Downscaling for greater impact

While the Agrobiodiversity Index has been applied at national and supply chain levels, NEXUS Gains is funding work to downscale it through an agrobiodiversity solution hotspot tool, which is being piloted in India’s Ganges Basin. The tool draws on spatially-explicit, high resolution agrobiodiversity maps, overlaid onto maps of food production threats that agrobiodiversity can help address (e.g. water stress, soil degradation, pollinator-constrained yields). This highlights places where increasing agrobiodiversity can reduce specific or multiple threats – called ‘agrobiodiversity solution hotspots’. These maps are refined, based on local stakeholder knowledge and concerns, to identify priority locations and strategies to enhance agrobiodiversity in line with local capacities and priorities. Analyzing how scores vary across districts or villages, at a scale of 1 km2 where possible, reveals opportunities to increase agrobiodiversity which may not necessarily be evident at a national level.

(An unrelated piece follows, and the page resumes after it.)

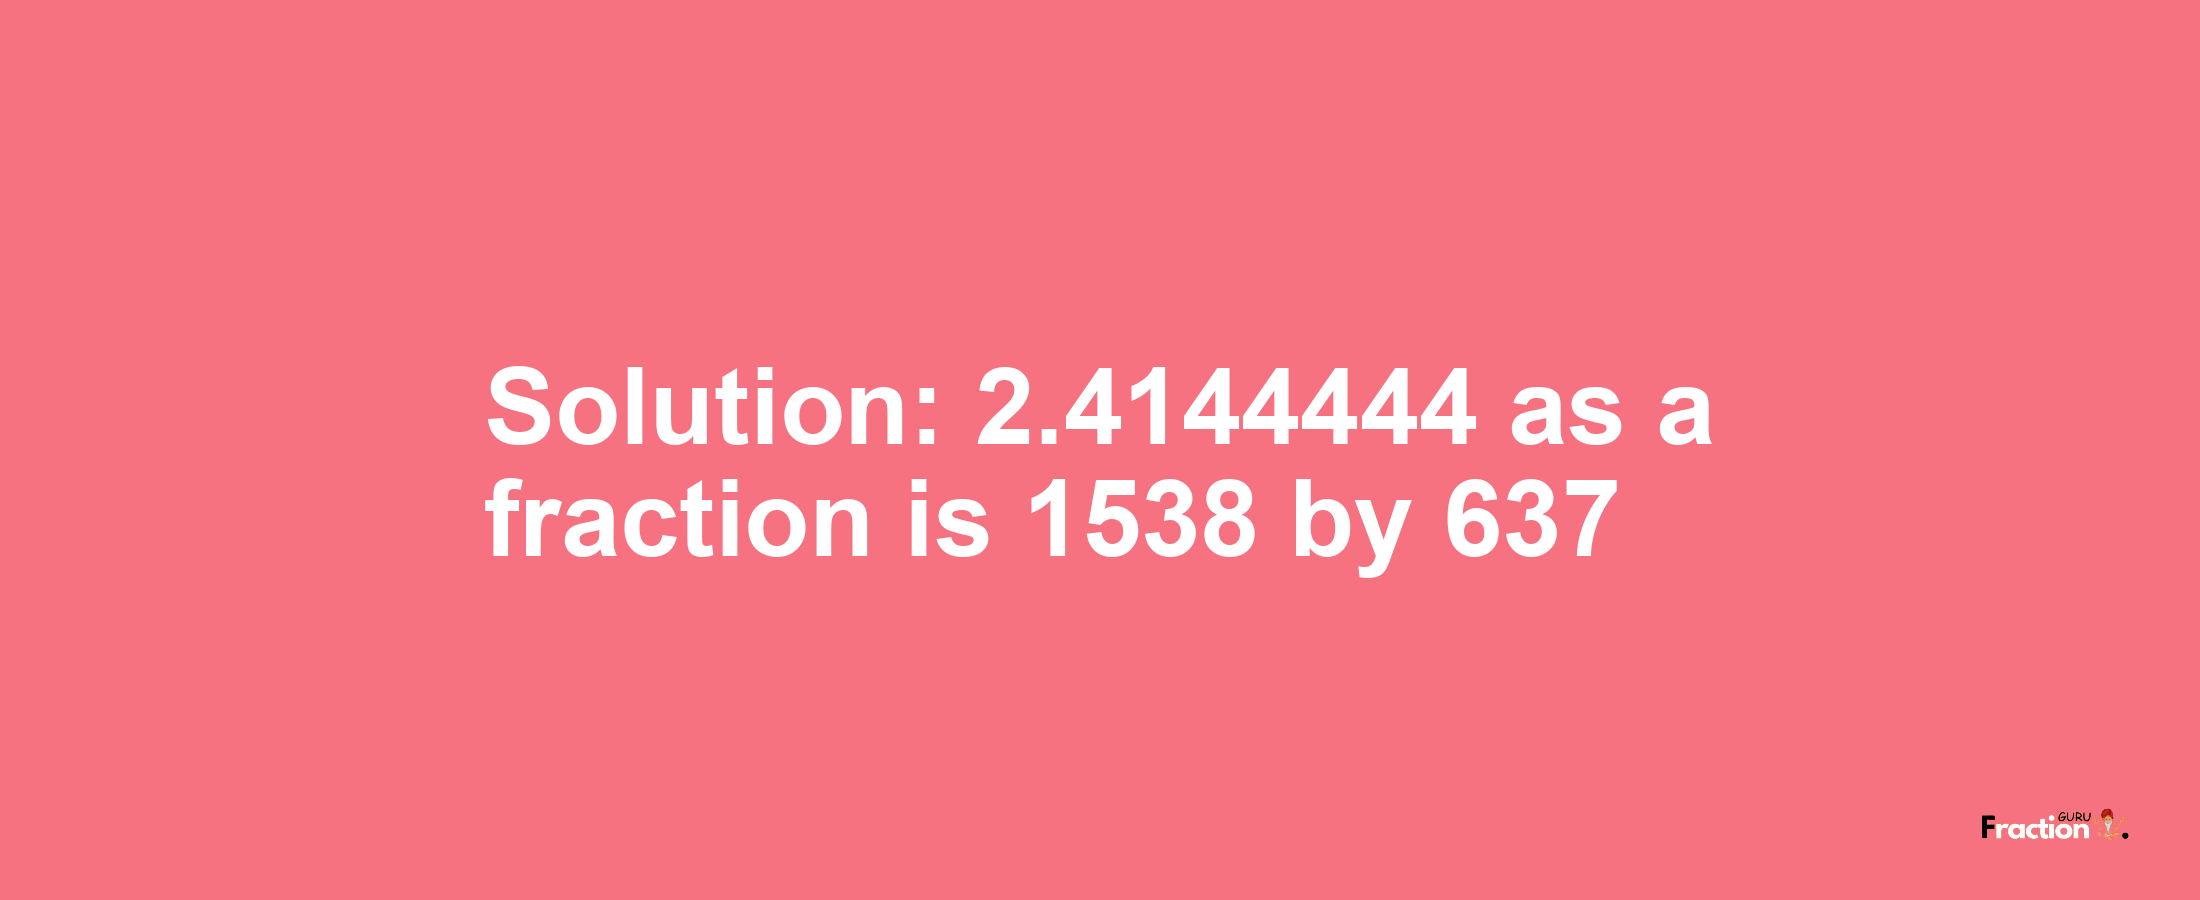 Solution:2.4144444 as a fraction is 1538/637
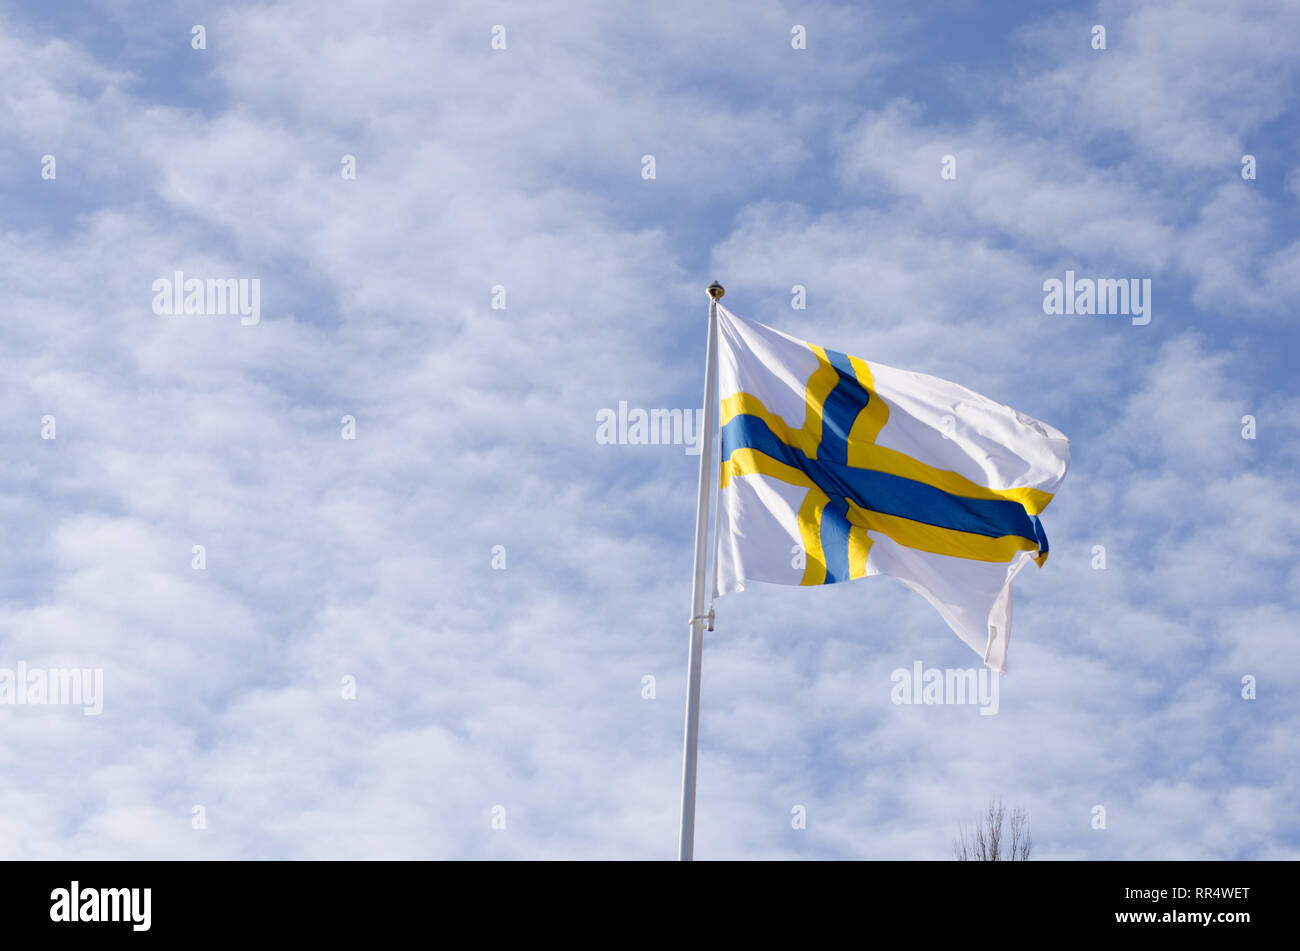 Stockholm, Sweden, 24th Feb 2019. February 24 celebrates the 'Sverigefinnarnas'day in Stockholm and around Sweden. The purpose of the day is to make the Swedish-Finnish minority visible and spread information about their history, language and culture.Here is a picture from Stockholm City Hall that flags with the Sweden-finnish flag in honor of the day. Credit: Jari Juntunen/Alamy Live News Stock Photo

As part of NEXUS Gains, the Agrobiodiversity Index India team is working with researchers at the Indian Council of Agricultural Research (ICAR) to standardize the way in which agrobiodiversity data are collected by ICAR researchers and government ministries. Working bureau by bureau – from fish to crops – the researchers are adding each data set to the tool and layering these with existing spatial databases to test different analysis options. In this way, the tool’s development engenders greater collaboration between bureaus and – using a systems approach – seeks to jointly identify agrobiodiversity-based solutions that meet cross-sector needs.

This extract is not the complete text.